Hi Fellow Machinists

Yesterday I bought a dividing head. It is a unit that comes with change gears so it can cut helical gears as well as straight cut gears. Yes I am in way over my head, but hey why not.

The problem I have is the change gears that should fit onto the end of the cross slide have a larger ID than the size of my shaft - see pic.

So as a way of thinking about the problem, I machined up a spacer/bush so the gear/s sit neatly on the shaft BUT it is a driven gear so it needs a way of transferring the drive (usually a keyway) - any really smart ideas????







Mal


----------



## Reeltor (Jan 4, 2017)

Congratulations on your new dividing head.  I don't follow what you mean by the OD needs a 4mm boss.  Could you post a photo or two showing how the parts go onto the mill?  If the gear with the brass spacer needs to slide onto the mill shaft shown with a key to drive the gear why can't you mill a 1.2 mm piece out of the brass spacer and then use an oversize key to lock the gear (and brass spacer) to the undersized drive shaft?


----------



## malmac (Jan 4, 2017)

Here is the situation, the green shaft is too small for the supplied gears - and they are change gears so there a several optional gears - so I need an adapter to effectively upsize my shaft.
Keyway in the shaft is small, compared to slot for keyway in the gears.

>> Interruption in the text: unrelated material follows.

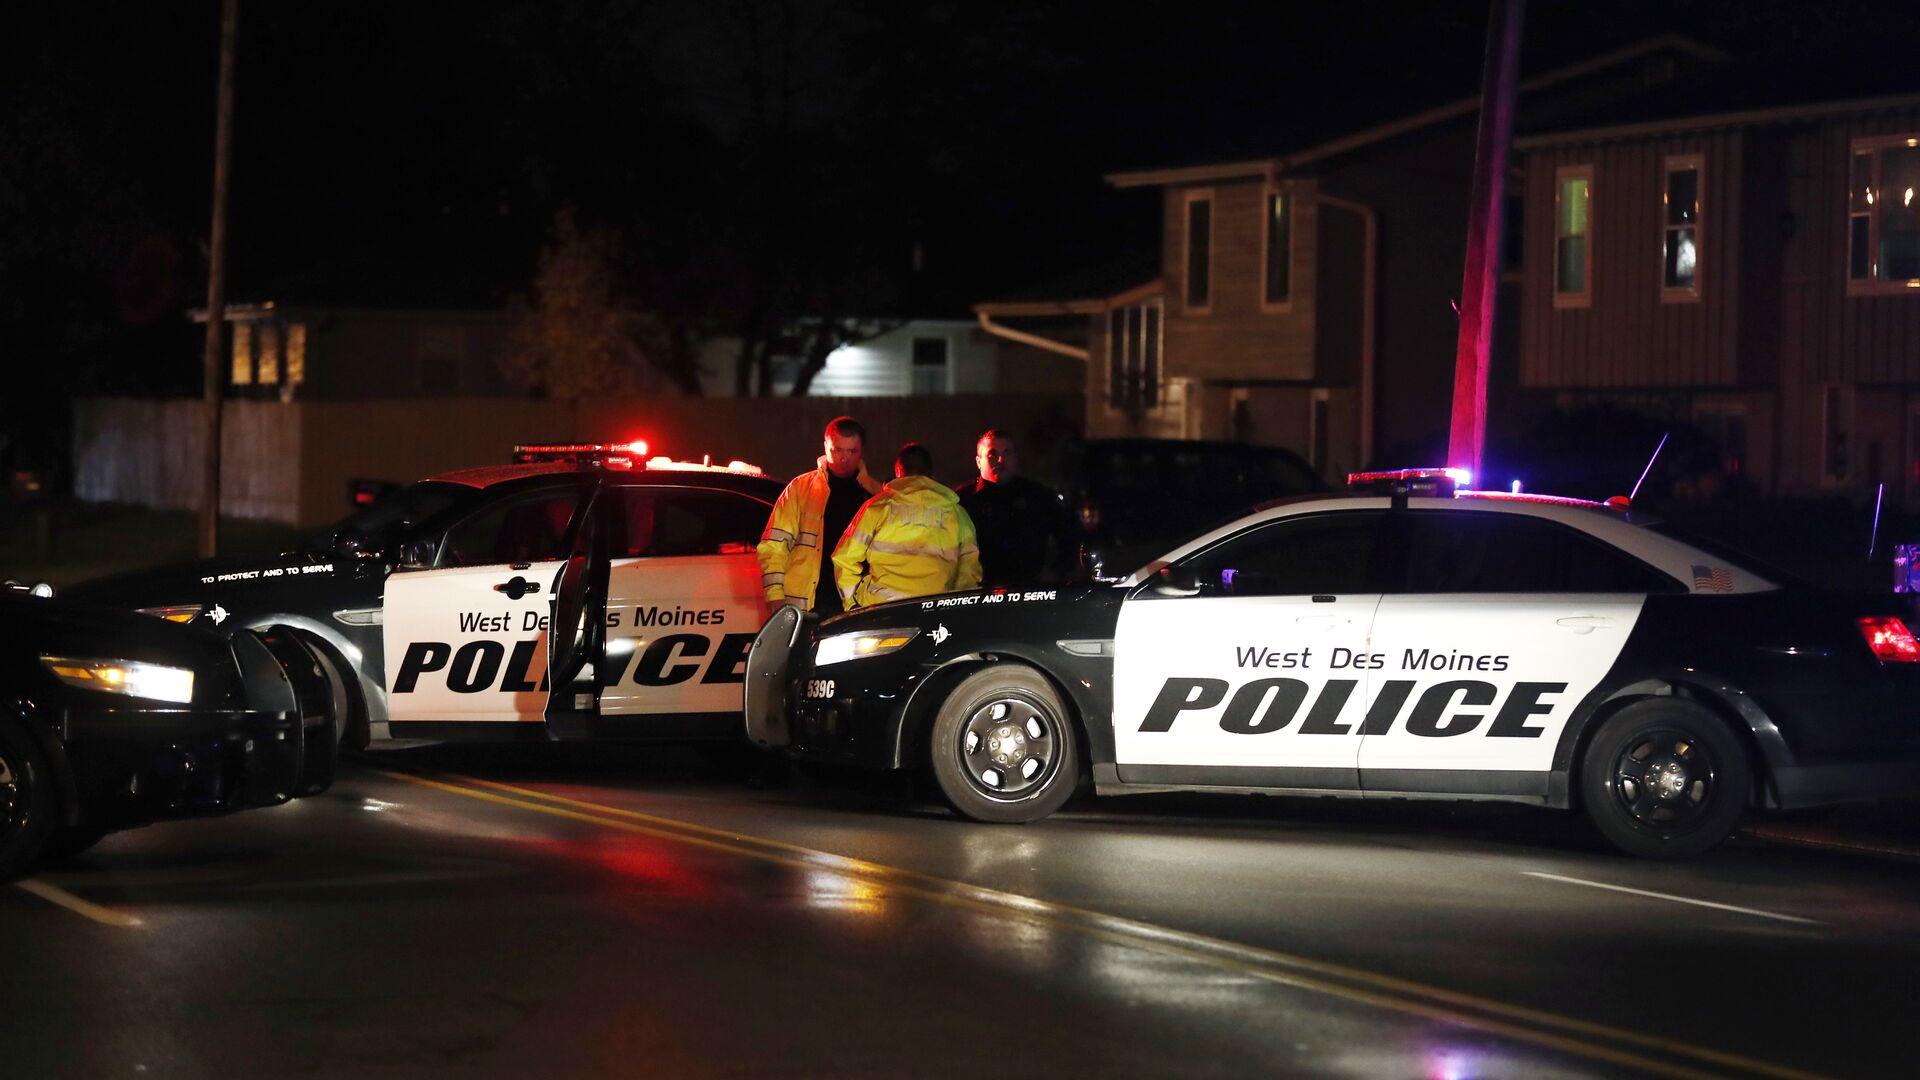 Сотрудники правоохранительных органов на месте нападения на полицейского в штате Айова, США. 2 ноября 2016 - РИА Новости, 1920, 03.03.2021

Option One is to make a spacer with a machined boss to transfer drive from shaft to gear.



So in this option, a key between shaft and spacer - however the boss to drive the gear would be machined onto the spacer.

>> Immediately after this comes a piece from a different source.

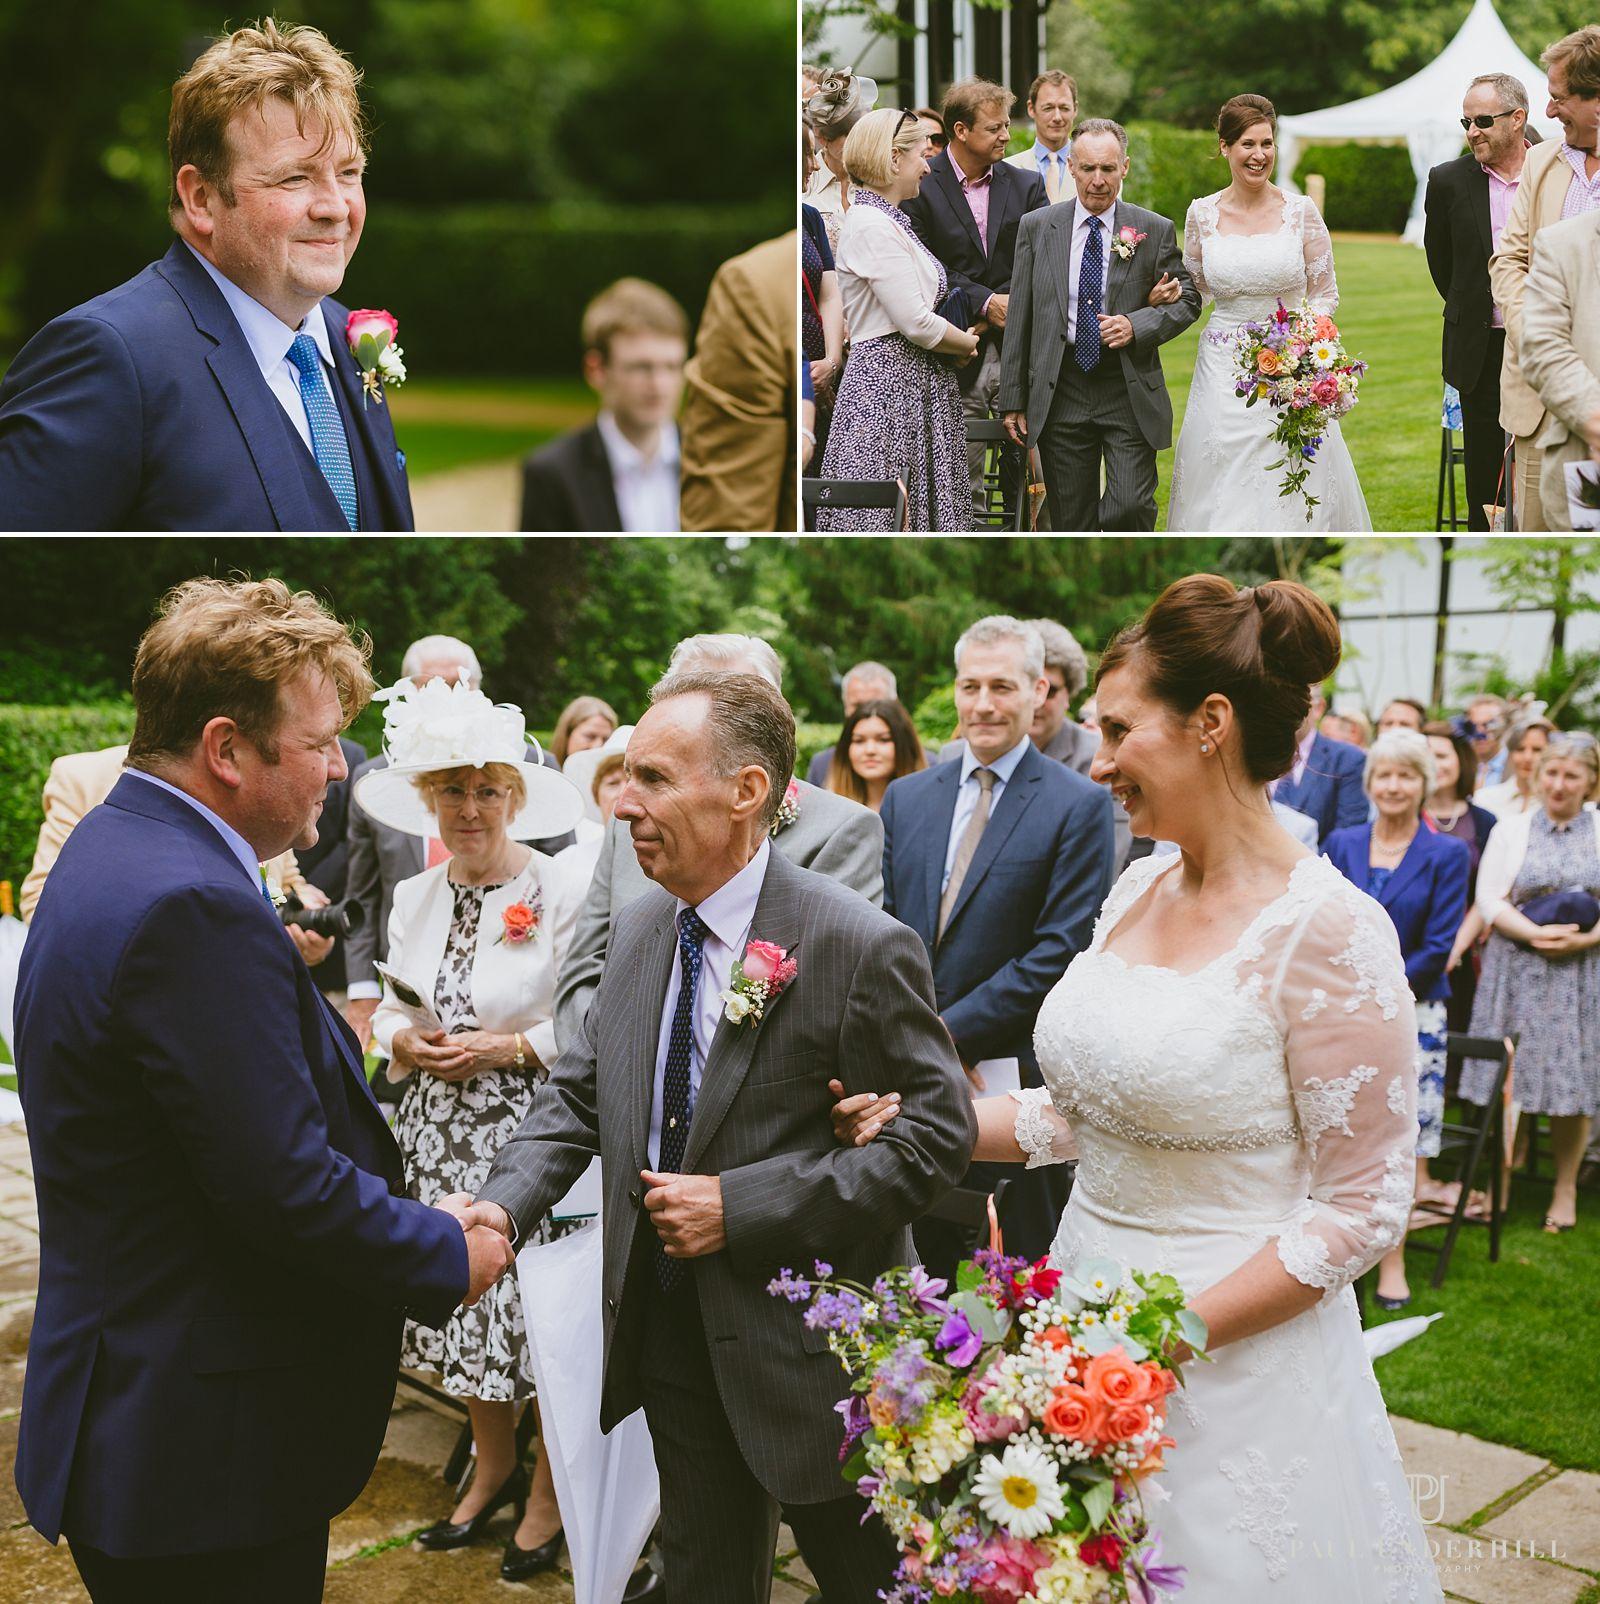 Reportage wedding photography Wiltshire

In the second option, the spacer would fill the gap between the shaft and the gear - a custom machined key would transfer drive from shaft to gear.

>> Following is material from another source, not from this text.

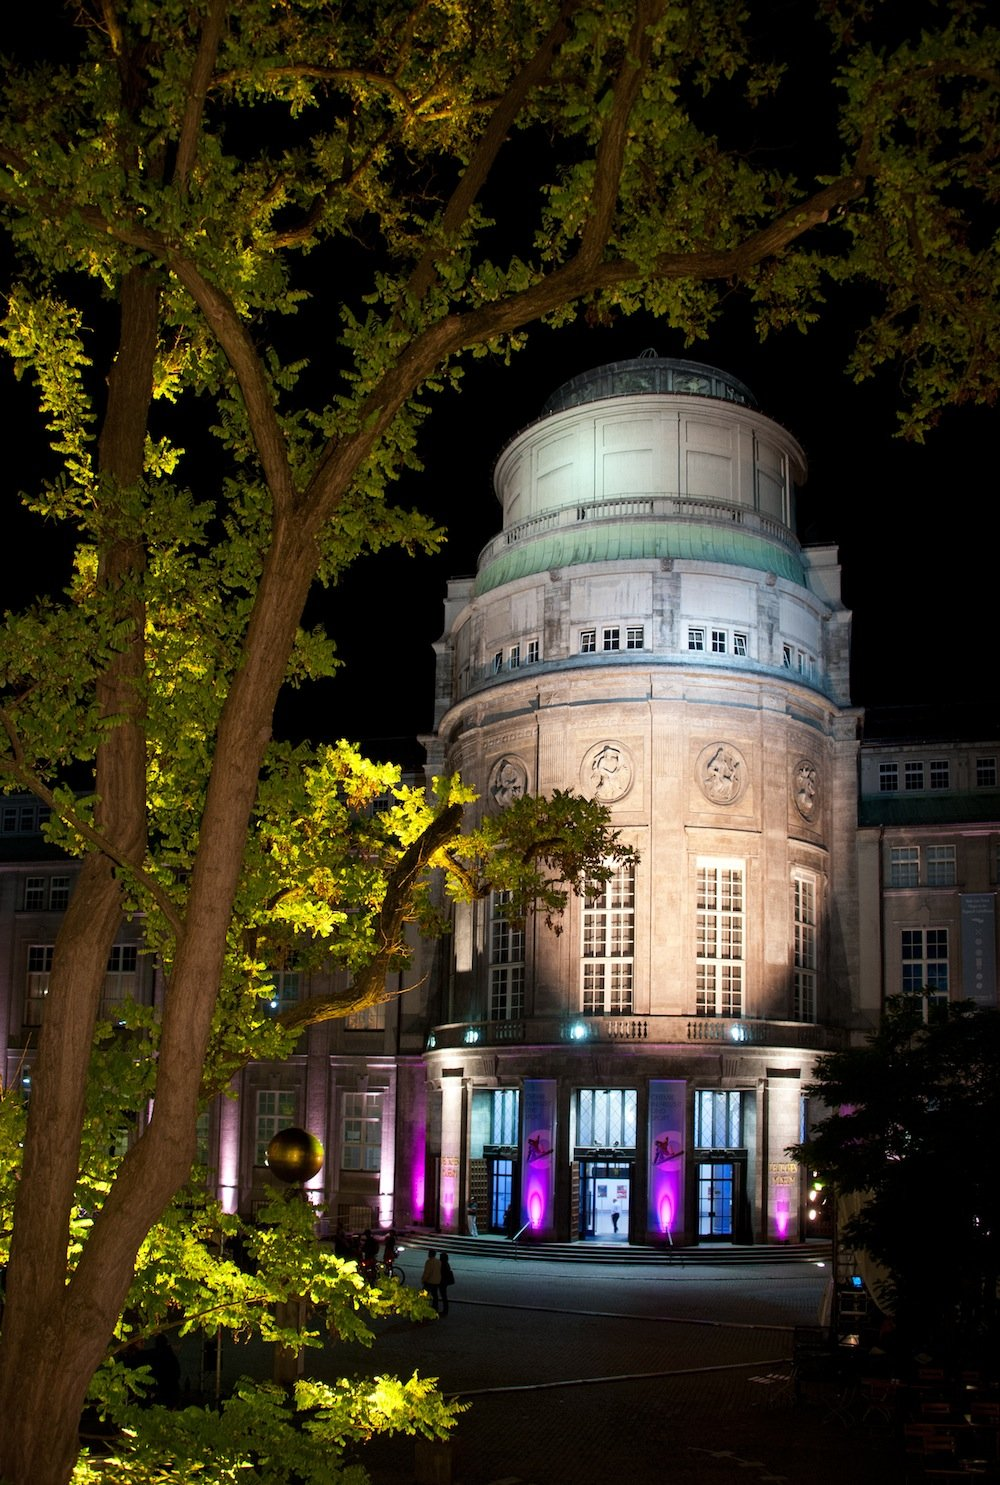 So beschaulich schön wie der beleuchtete Haupteingang bei Nacht anmutet, ist es um das Deutsche Museum in München nicht bestellt. Eine Grundsanierung ist fällig. Und kann mangels Geld nur mit Einschränkungen vorgenommen werden.

I hope that makes it clearer. Maybe there is other options I have not thought of.


Mal


----------



## mickri (Jan 4, 2017)

I ran into this problem when I changed the propeller on my sailboat.  The new propeller was made for a larger shaft size and required a bushing and a thicker key.  The solution is a key where one edge is machined to fit the narrower key way and the other edge is machine to fit the wider key way.  This is so common in the marine world that you can buy these keys online.  You might find one in the size you need.  Try a google search for propeller bushings and key.   Or just make one.  I have seen people do it in a boat yard with a file.
Chuck


----------



## malmac (Jan 4, 2017)

Thanks Chuck.

So the spacer bushing is effectively an almost closed "C"?

Or am I misunderstanding you?

Mal


----------



## mickri (Jan 4, 2017)

In cross section the bushing looks just like your drawing.  An almost closed "C".  The slot in the bushing is the same width as the width of the wider key way.  You might be able to use a marine key if in the right size but you won't be able to use a marine bushing because propeller shafts are tapered and so the marine bushings are tapered.  Both the bushing and the key should be simple to make for your application.


----------



## malmac (Jan 5, 2017)

Thank, you sounds relatively easy.

Mal


----------